What I can see from the memory graph is that the Garbage Collector is called 3x more when running the F# code.
So, my question is, can anyone help me figure it out why this happens?
C#
using System.Collections.Generic;
namespace CalculatorCSharp
{
public enum TokenType
{
Operation,
Float
}
public class Token
{
public Token(TokenType type, string value)
{
Type = type;
Value = value;
}
public TokenType Type { get; }
public string Value { get; }
}
public static class Lexer
{
private static readonly List<char> _operations = new List<char> { '+', '-', '*', '/', '%' };
private static bool IsOperation(this char c) => _operations.Contains(c);
private static bool IsNumber(this char c) => c >= '0' && c <= '9' || c == '.';
private static int GetFloatLenght(this string input, int lenght)
{
if (input.Length == 0 || !input[0].IsNumber())
{
return lenght;
}
return GetFloatLenght(input[1..], lenght + 1);
}
public static LinkedList<Token> Tokenize(this string input)
{
if (input.Length == 0)
{
return LinkedList.Empty<Token>();
}
var head = input[0];
if (head.IsOperation())
{
var token = new Token(TokenType.Operation, head.ToString());
return input[1..].Tokenize().Add(token);
}
if (head.IsNumber())
{
var floagLenght = input.GetFloatLenght(0);
var token = new Token(TokenType.Float, input[0..floagLenght]);
return input[floagLenght..].Tokenize().Add(token);
}
return input[1..].Tokenize();
}
}
}
F#
module Lexer
type TokenType =
| Operation
| Float
type Token = {
Type: TokenType
Value: string
}
let private operations = [|'+'; '-'; '*'; '/'; '%'|]

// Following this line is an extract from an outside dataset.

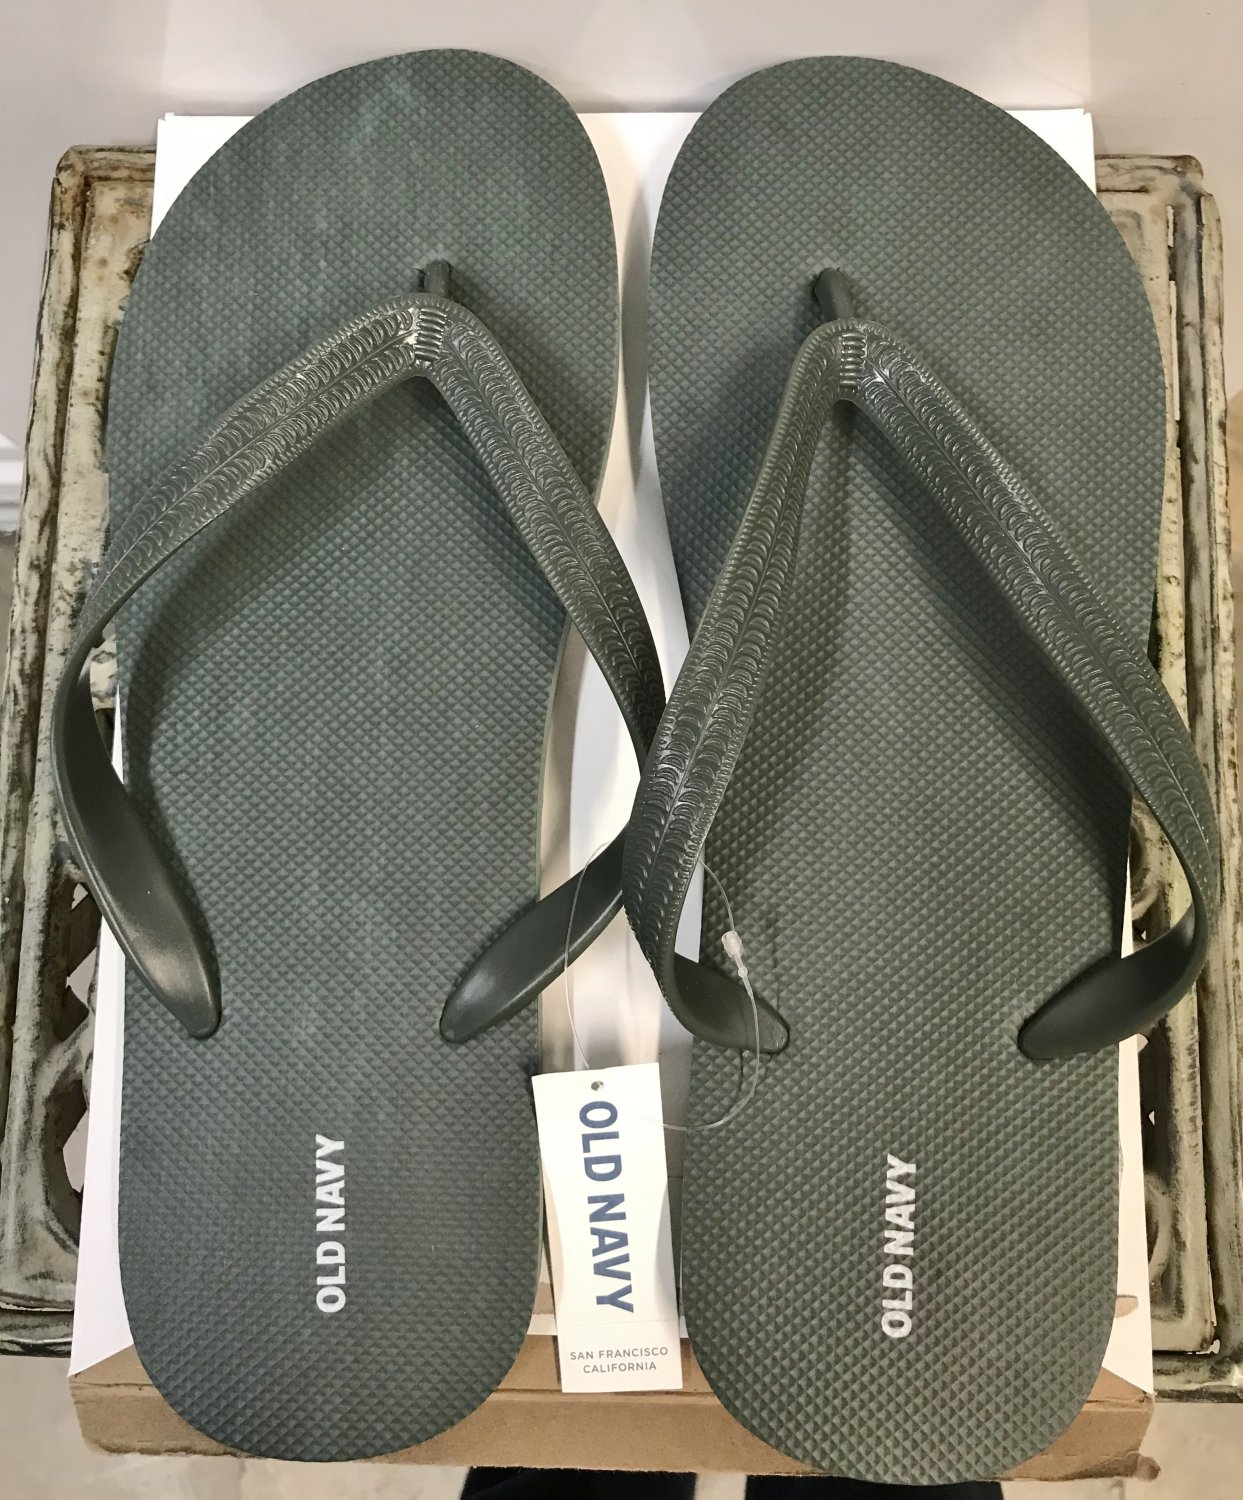 NEW Mens FLIP FLOPS Old Navy Sandals SIZE 12-13 HEATHERED GREEN Shoes ...

let private isOperation c = Array.contains c operations
let private isNumber c =
match c with
| c when c >= '0' && c <= '9' || c = '.' -> true
| _ -> false
let rec private getfloatLenght input lenght =
match input with
| "" -> lenght
| _ ->
match input.[0] with
| c when isNumber c -> getfloatLenght input.[1..] (lenght + 1)
| _ -> lenght
let rec tokenize input =
match input with
| "" -> []
| _ ->
match input.[0] with
| c when isOperation c ->
let token = { Type = TokenType.Operation; Value = input.[0].ToString() }
token :: (tokenize input.[1..])
| c when isNumber c ->
let floatLenght = getfloatLenght input 0
let token = { Type = TokenType.Operation; Value = input.[0..(floatLenght - 1)] }
token :: (tokenize input.[1..])
| _ -> tokenize input.[1..]
I hope the answer is not super obvious